TASK GOAL – Give back the full listing, character for character, with no pictures.

PROVIDED DATA –
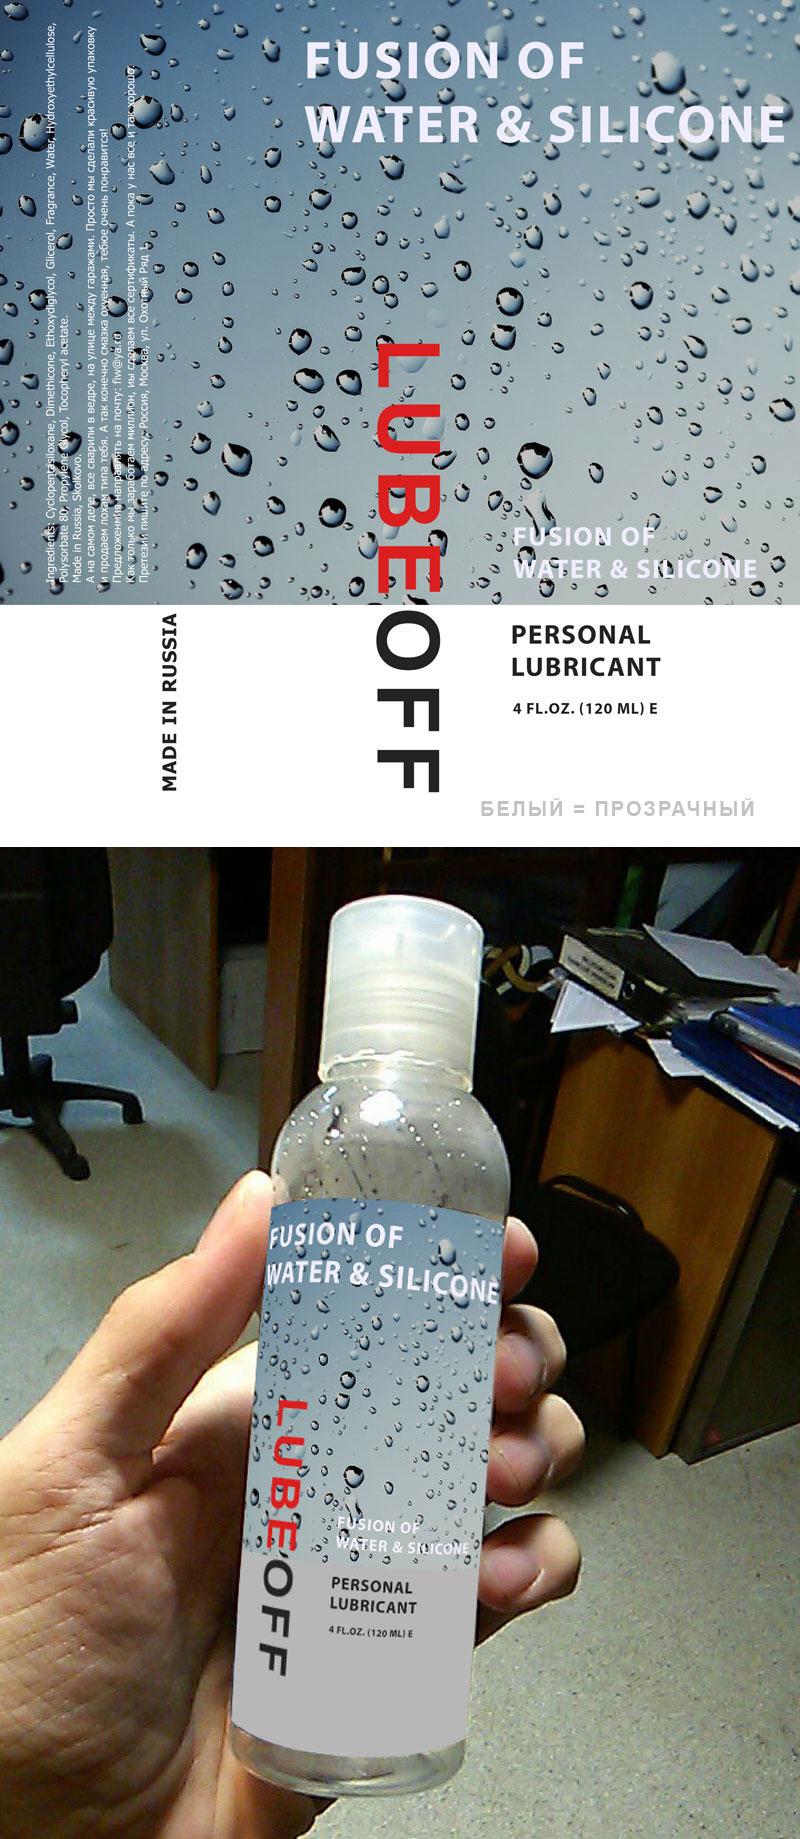 Разработка этикетки интимного геля смазки + брендбук. фото f_7015862c1fe85c20.jpg
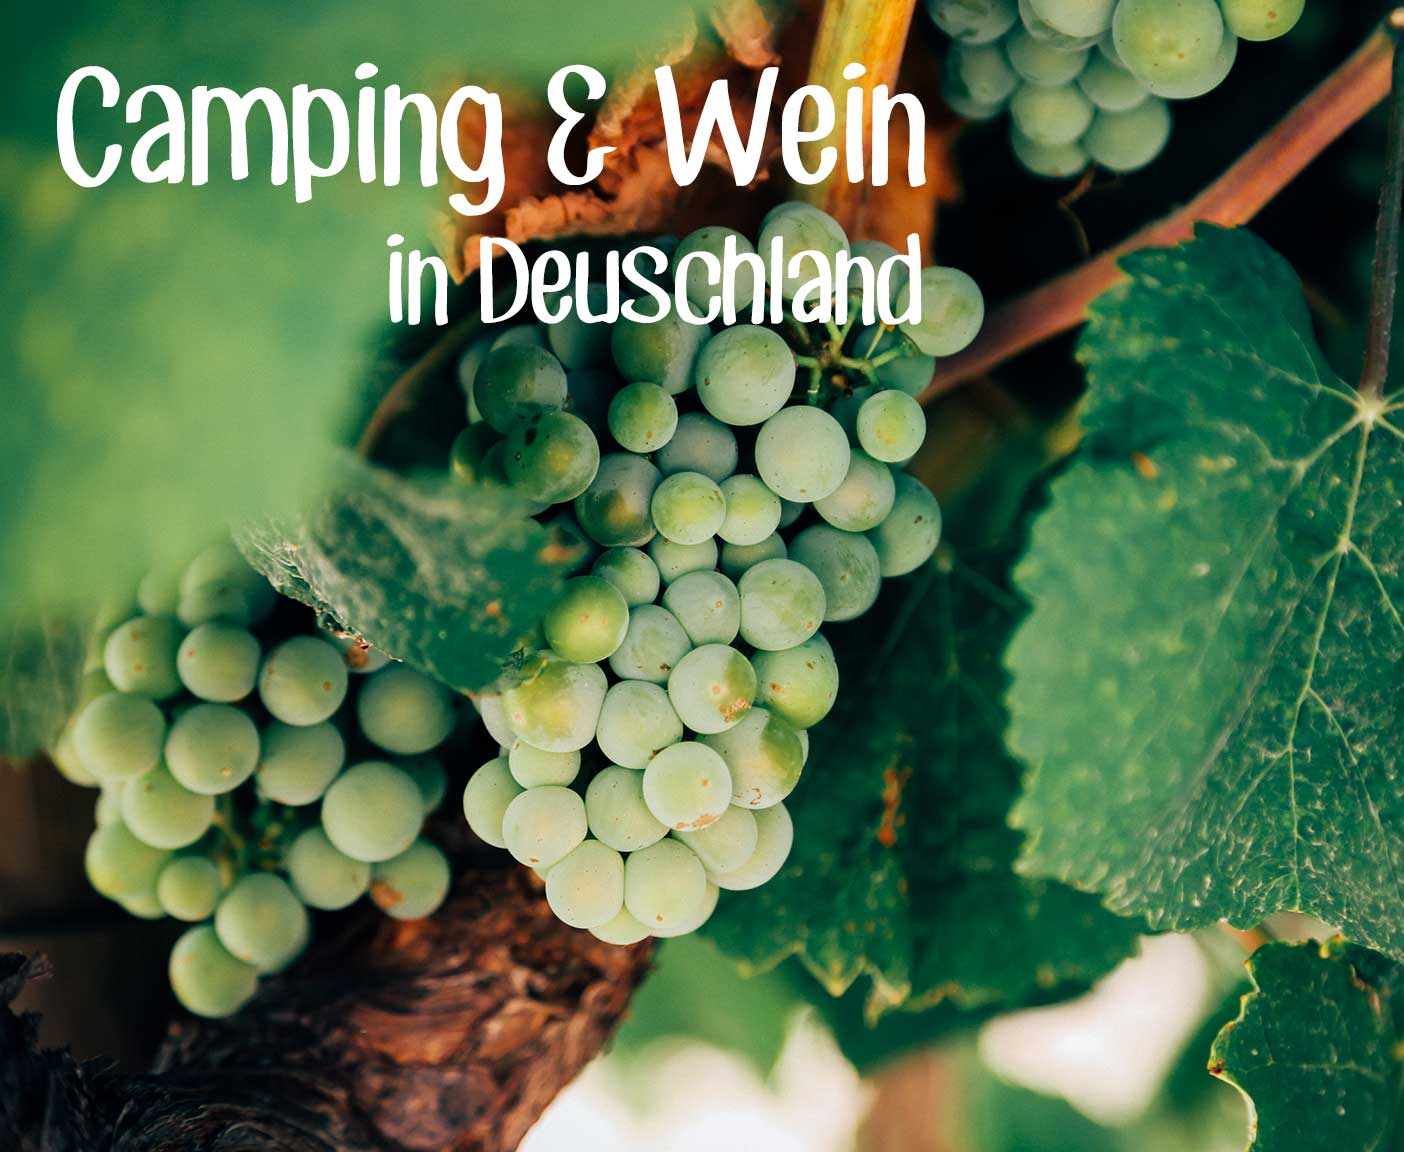 Weingut Weinrebe gruen Camping und Wein in Deutschland Paulcamper
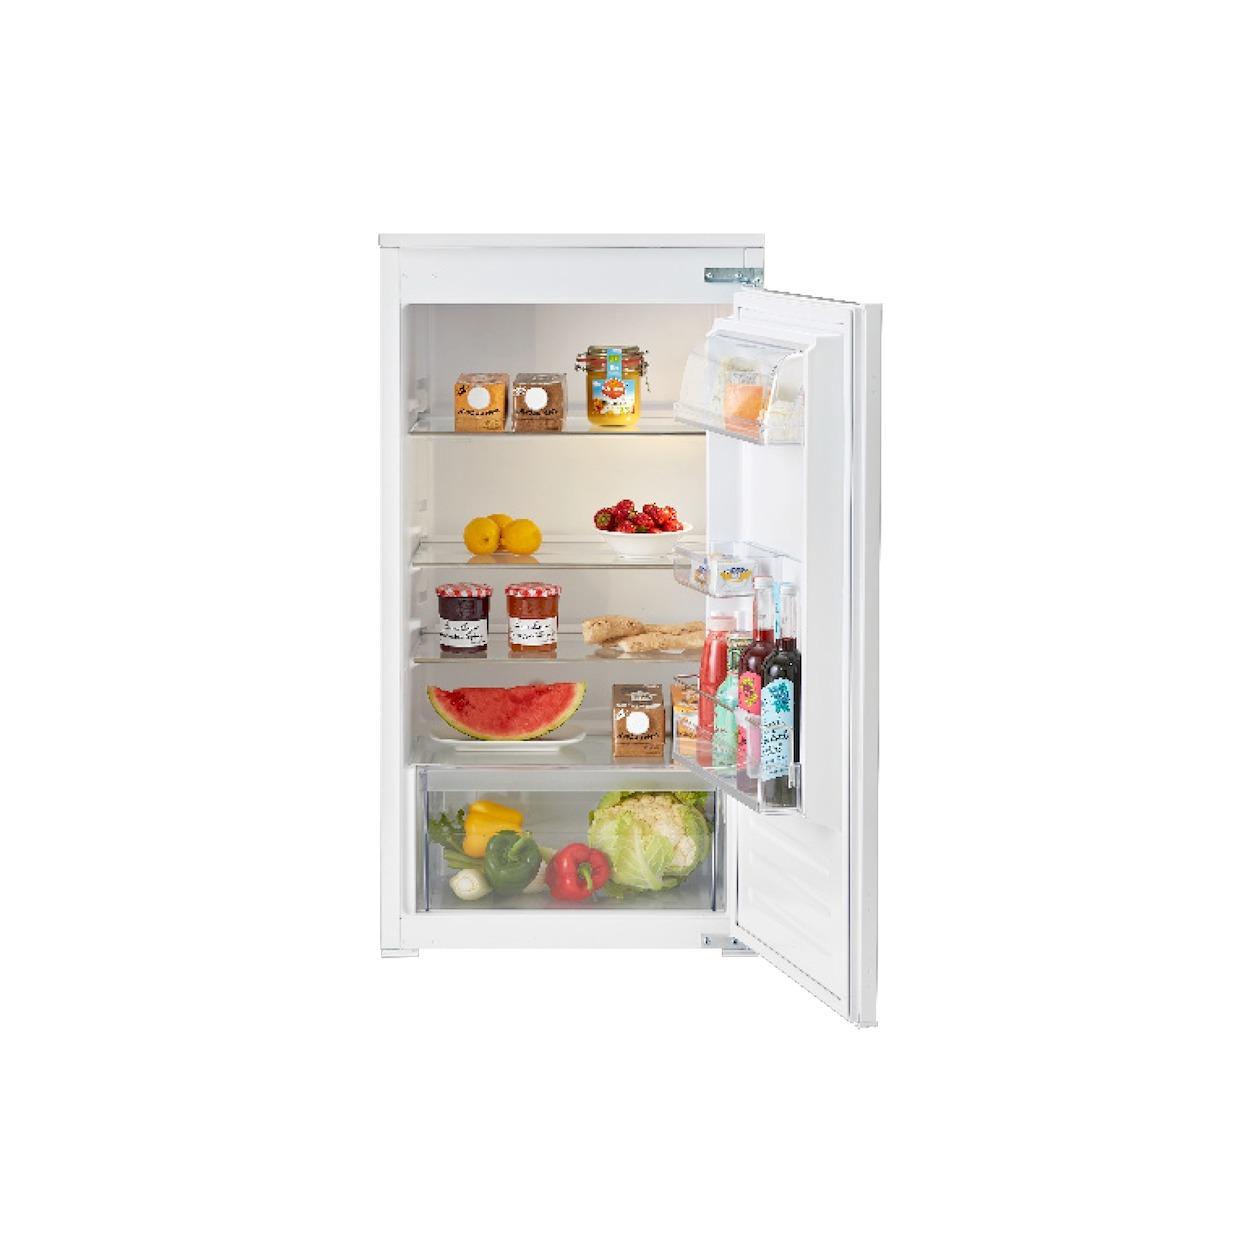 Atag inbouw koelkast KS32102A - Prijsvergelijk

EXPECTED ANSWER –
 Разработка этикетки интимного геля смазки + брендбук. фото f_7015862c1fe85c20.jpg
 Weingut Weinrebe gruen Camping und Wein in Deutschland Paulcamper
 Atag inbouw koelkast KS32102A - Prijsvergelijk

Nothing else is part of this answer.